[[ Source material open ]]
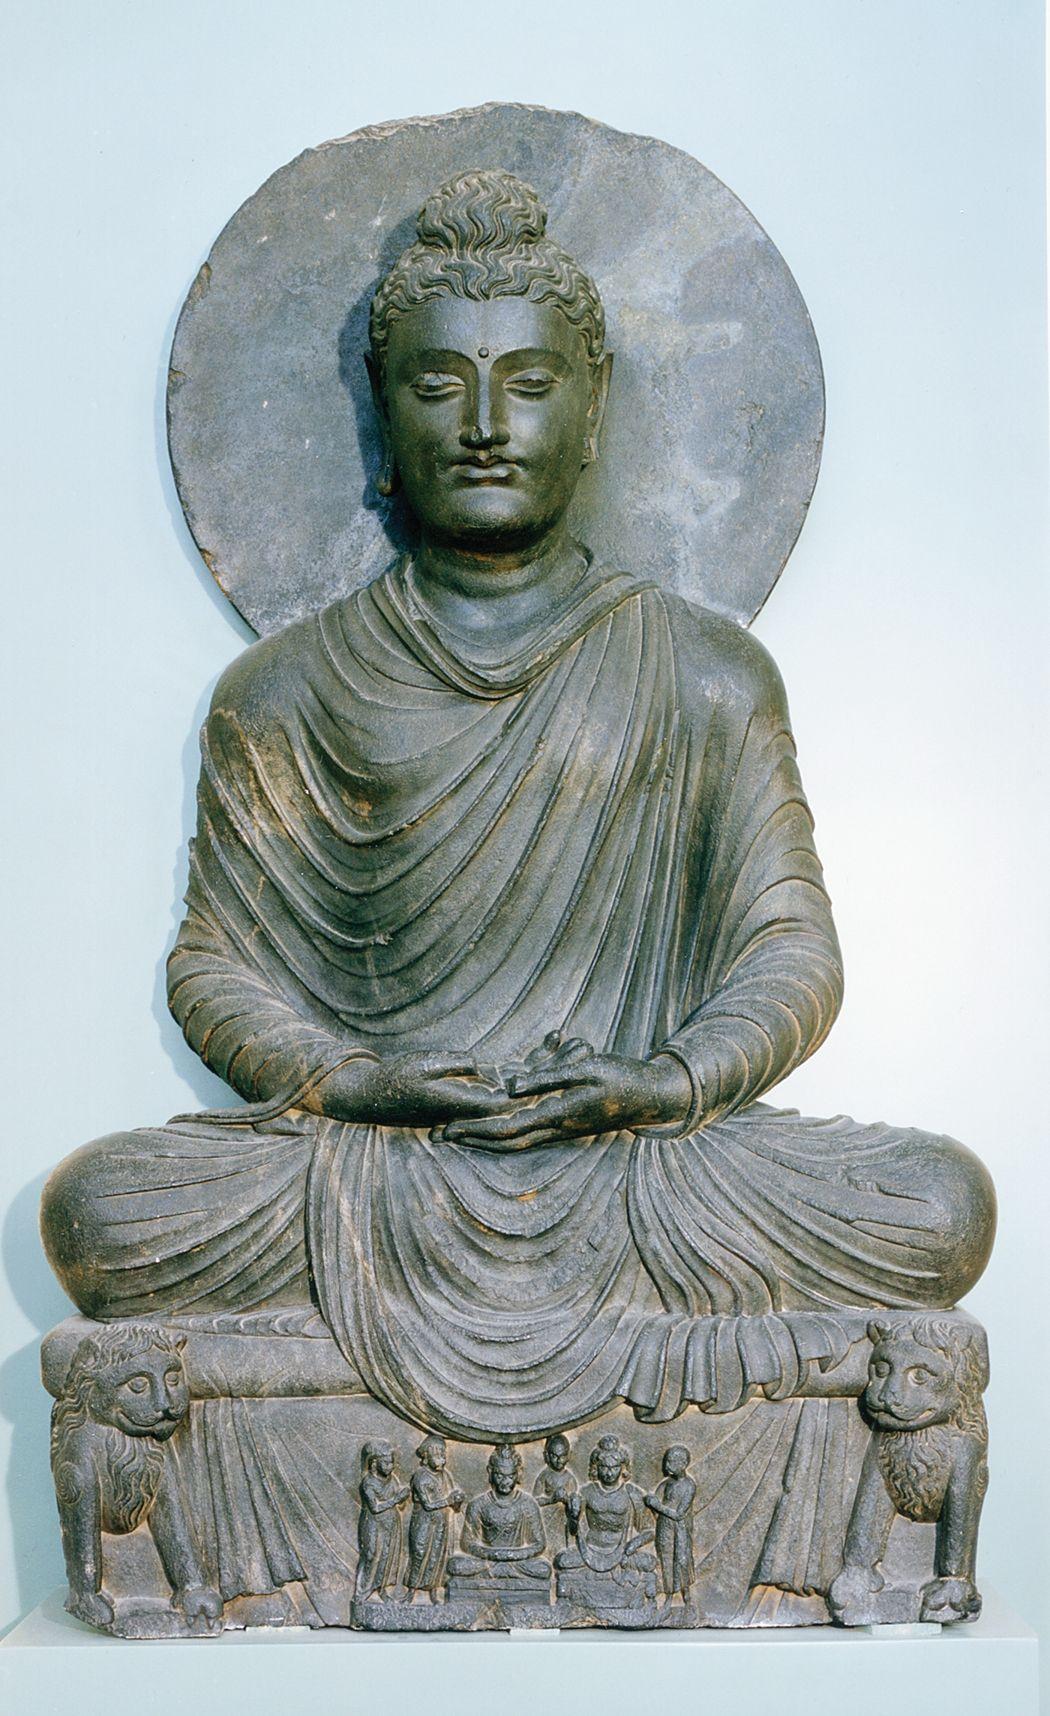 Buddhist Sculpture Meditating Buddha From Gandhara Pakistan Second Century Ce Gray Schist 3 7 1 2 High Royal Scottish Mu Buddhist Art Buddha Buddhist
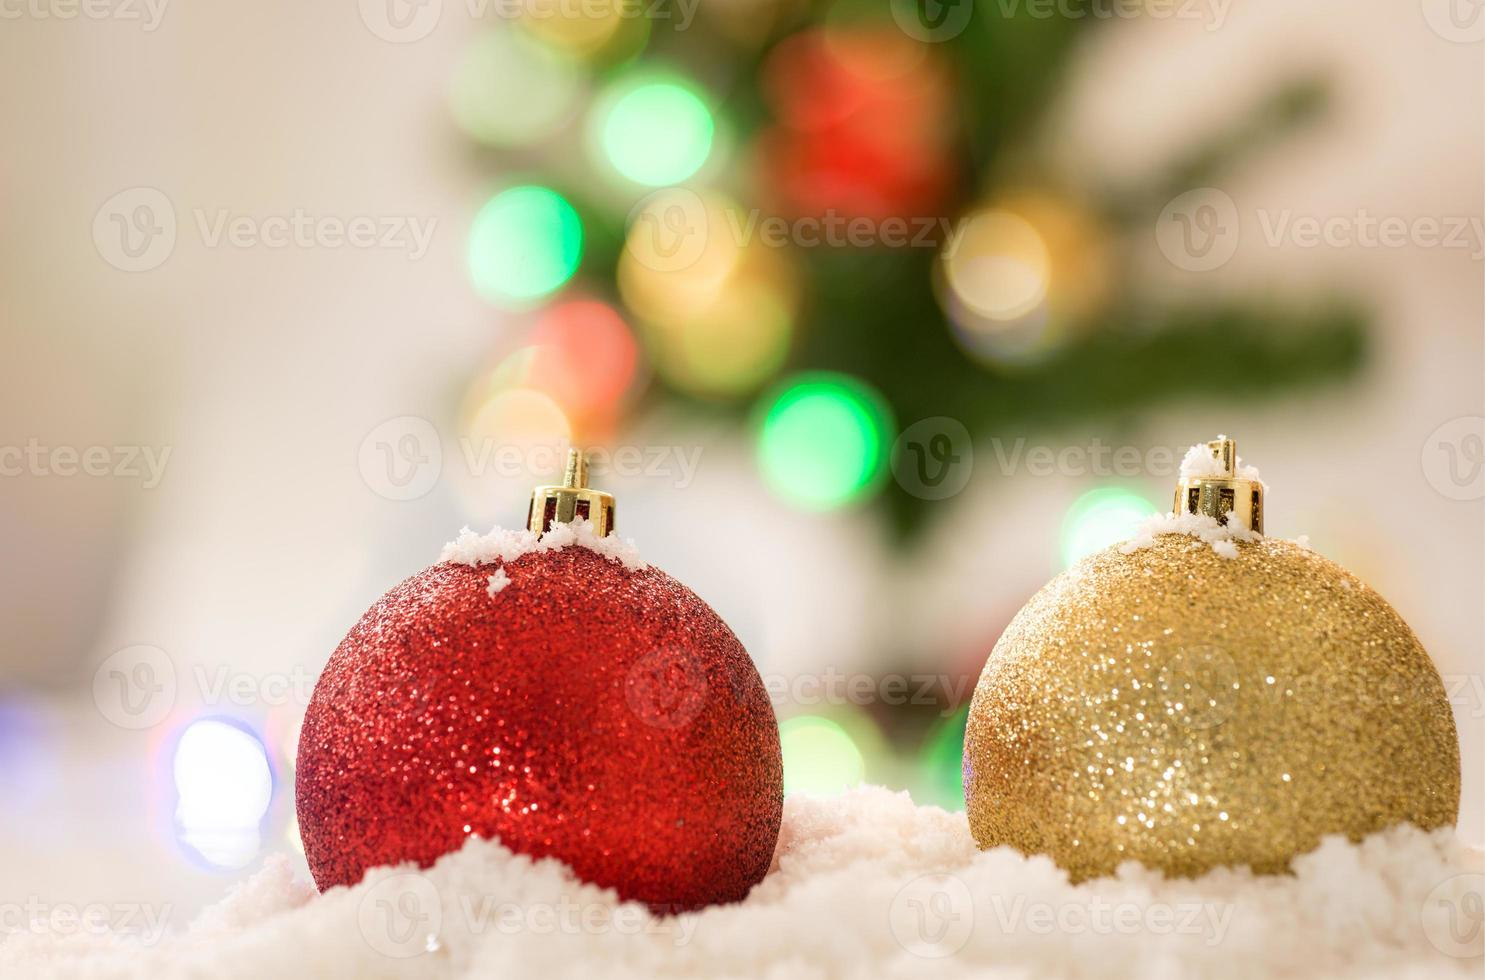 red and gold chrismas ball on snow with chrismas photo
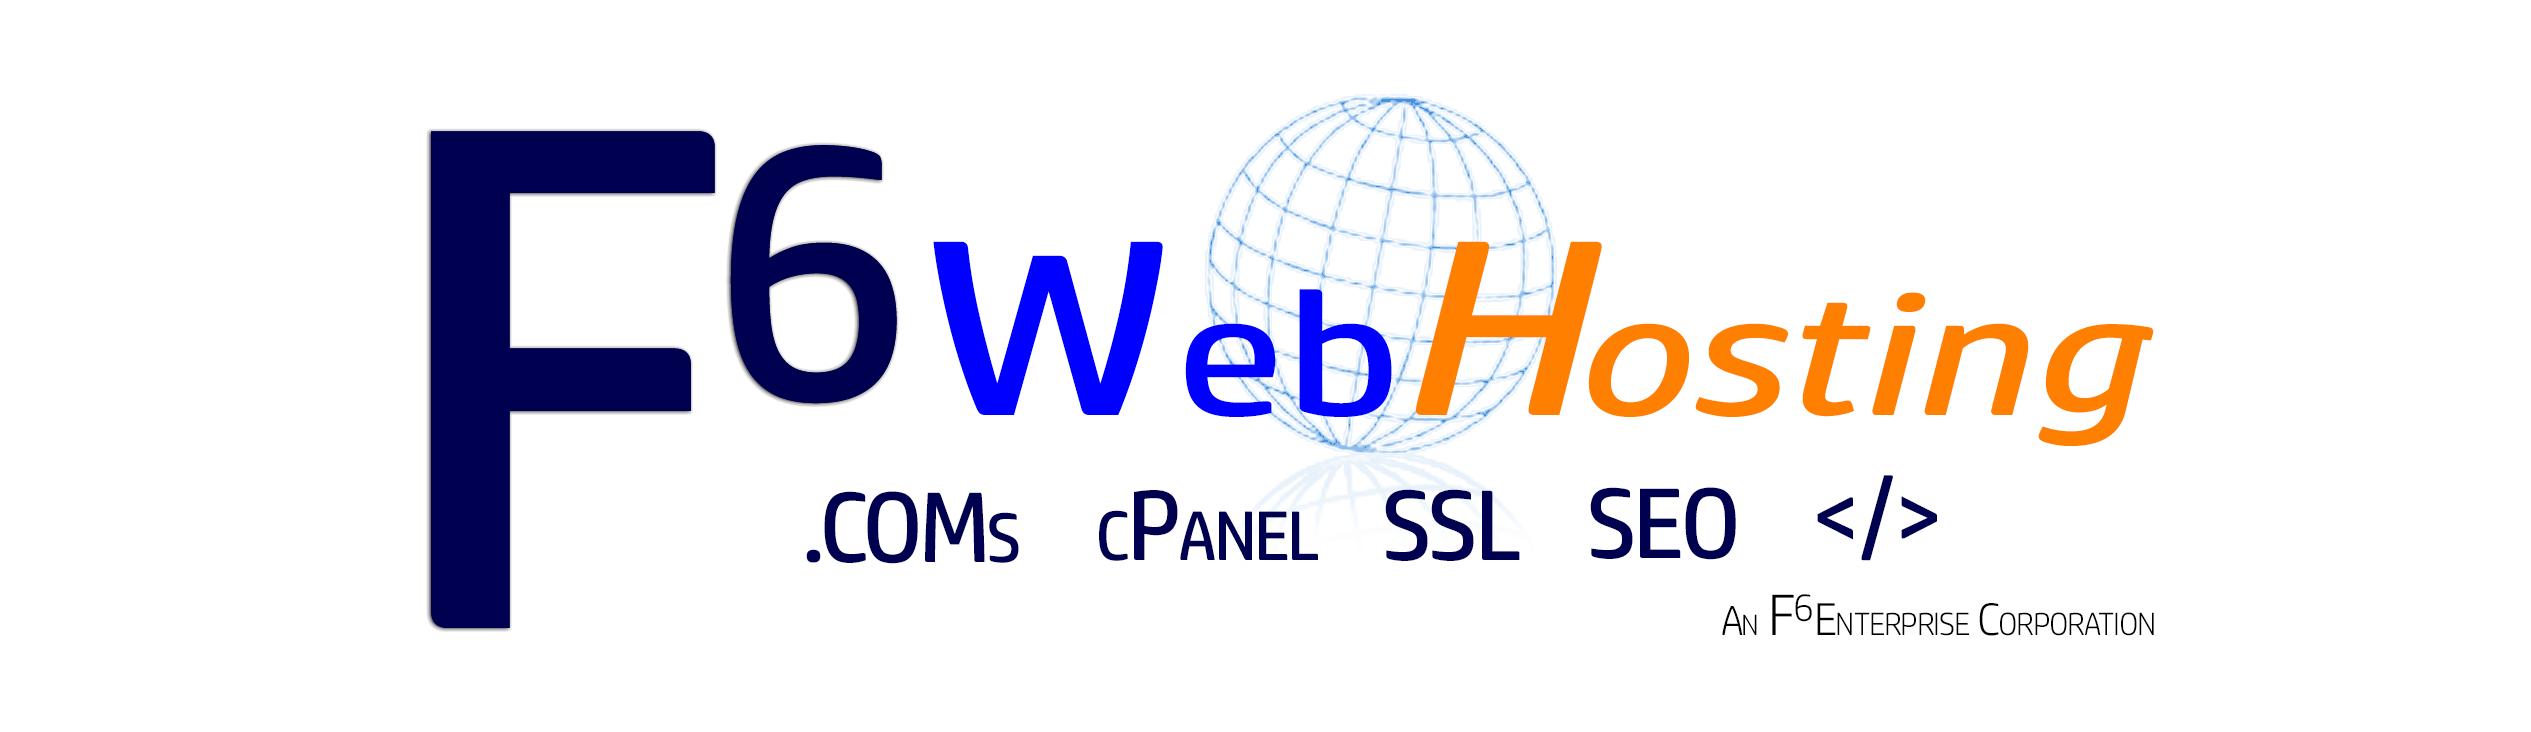 F6 WebHosting
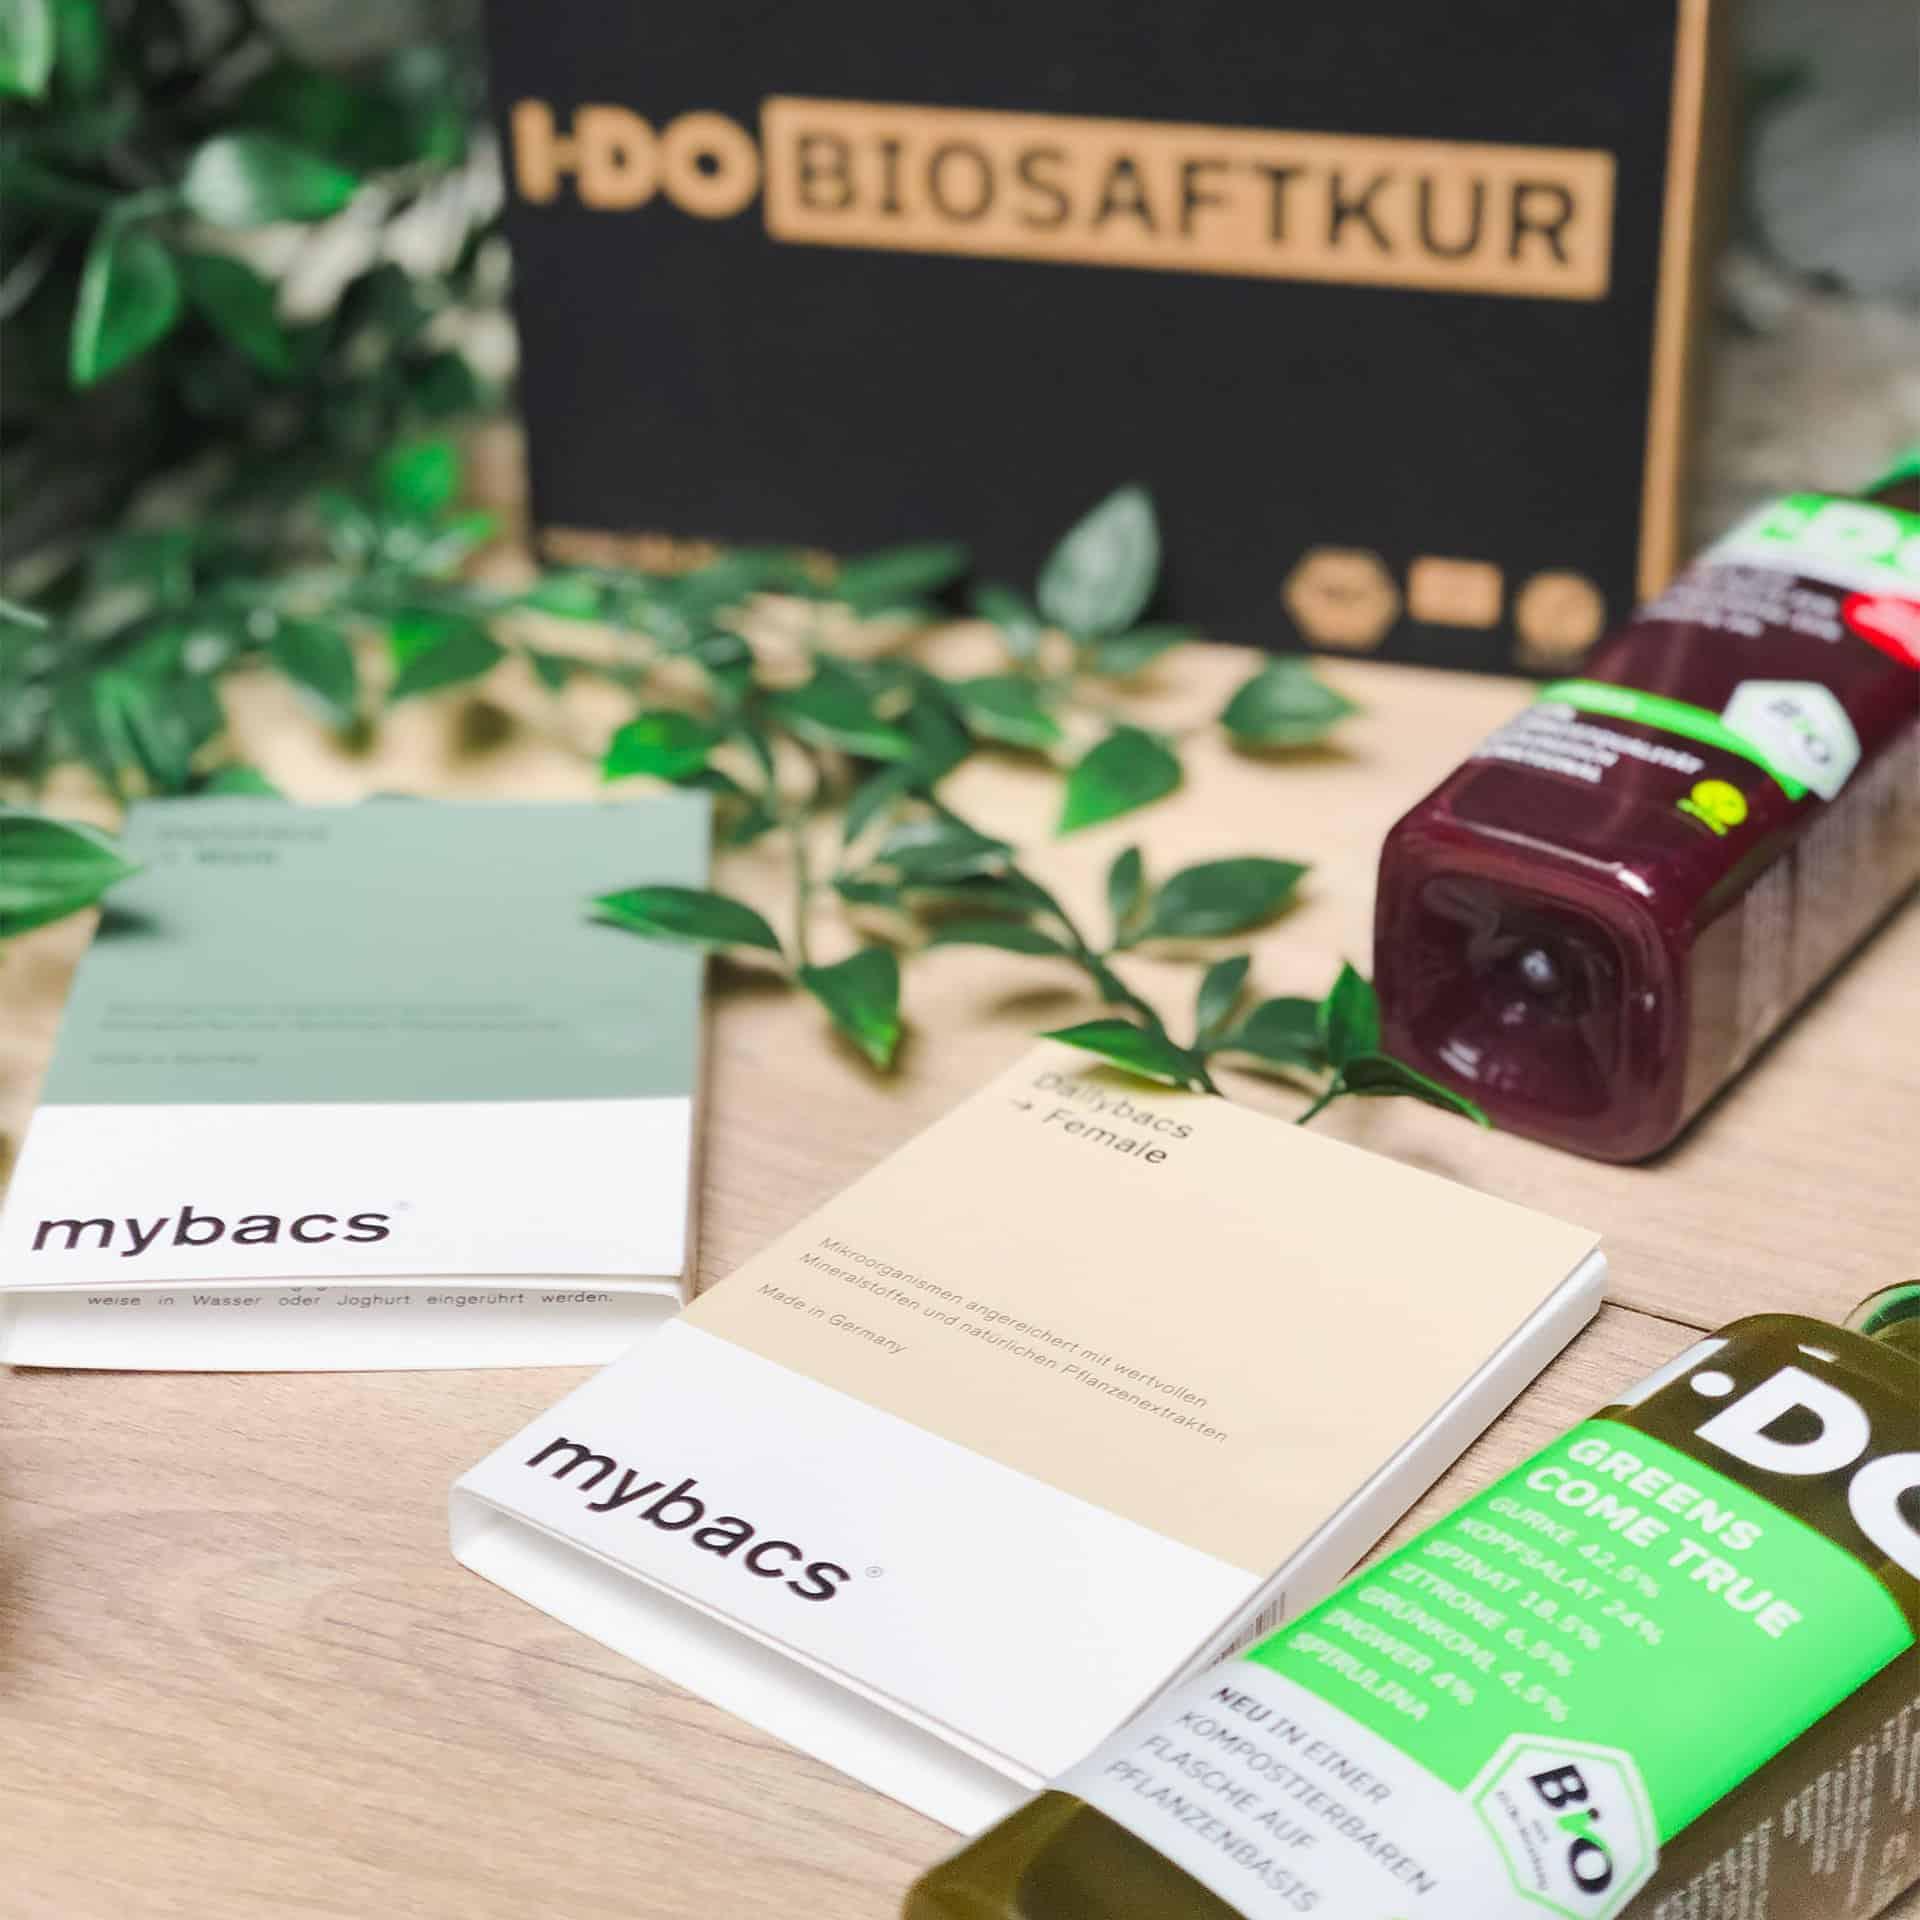 I·DO Bio Saftkur mit mybacs
[[ Source material closed ]]
> _The task_
The expected result is the data above in exact form, free of pictures.

> _Reply to the exercise_
 Buddhist Sculpture Meditating Buddha From Gandhara Pakistan Second Century Ce Gray Schist 3 7 1 2 High Royal Scottish Mu Buddhist Art Buddha Buddhist
 red and gold chrismas ball on snow with chrismas photo
 F6 WebHosting
 I·DO Bio Saftkur mit mybacs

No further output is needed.